Last week Twitter lit up when the European Commission indicated anti-adblocking technologies like BlockAdblock may be “illegal”.
Before getting into why this position is based on a technological misunderstanding of how adblocking detection works and how the EC was led to its position by one agenda-driven privacy entrepreneur, let’s get a little background information out of the way…
The 2009 ePrivacy Directive
In 2009 the EC passed the “ePrivacy Directive” as part of their Regulatory Framework for Electronic Communications.

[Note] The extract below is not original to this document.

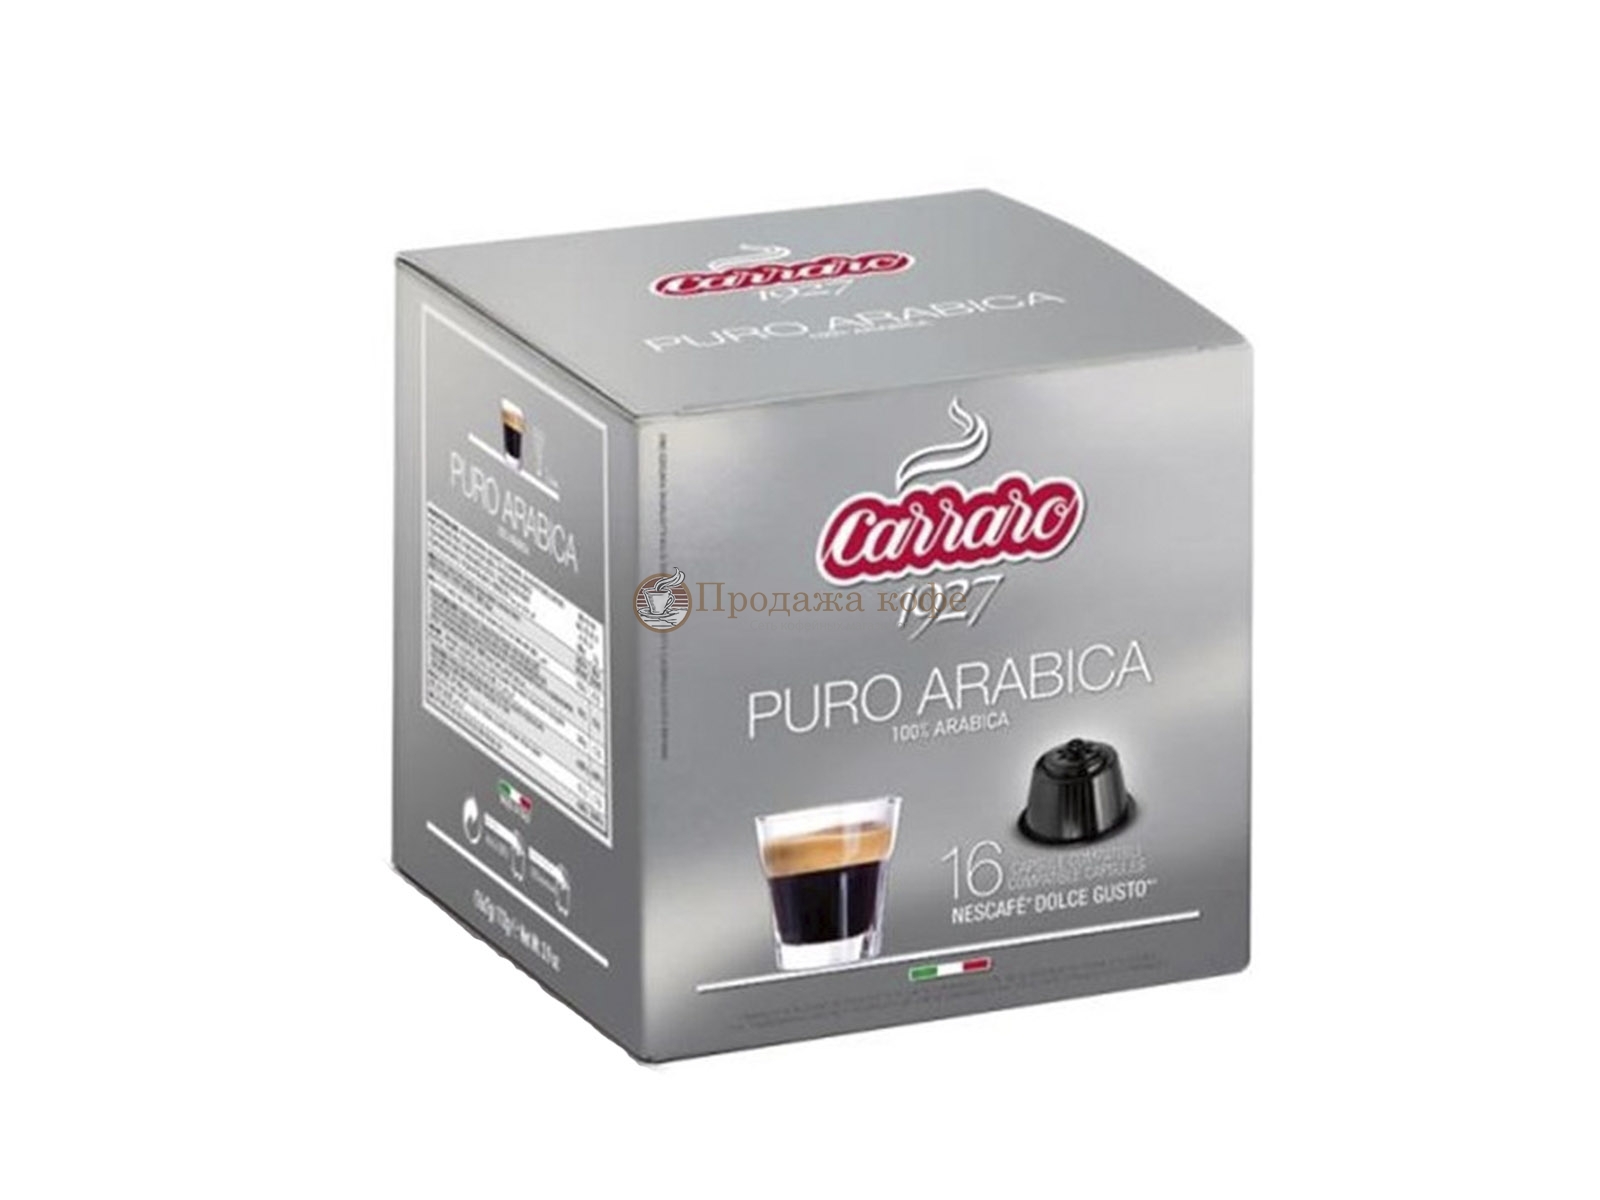 Кофе в капсулах Carraro Puro Arabica (Караро Пуро Арабика), упаковка 16 капсул, формат Dolce Gusto (Дольче Густо)

Among other things, the ePrivacy Directive requires any website using cookies to get user permission before setting or retrieving any persistent data.
Section 5.3 of the ePrivacy directive (also commonly called the “Cookie Law”) reads as follows:
“The storing of information, or the gaining of access to information already stored, in the terminal equipment of a subscriber or user is only allowed on condition that the subscriber or user concerned has given his or her consent…”
As you most likely already know, browser “cookies” are persistent, locally stored user-specific data files which survive a single website visit (outside of a standard browser cache), and can be used to identify individual website visitors. Cookies can last for indefinite periods of time. A website can store your user specific data in your browser in the form of a cookie, and access it on your next visit — even months or years later. While some cookies may be used as part of advertising “tracking” systems, others are provide a vital part of basic website functionality allowing for both customization of website services and the ability to store user settings and preferences for subsequent visits.
One must note however that the rule does not use the term “cookie”. Instead, the ePrivacy directive calls for user approval before storing or retrieving “information” on a user’s browser.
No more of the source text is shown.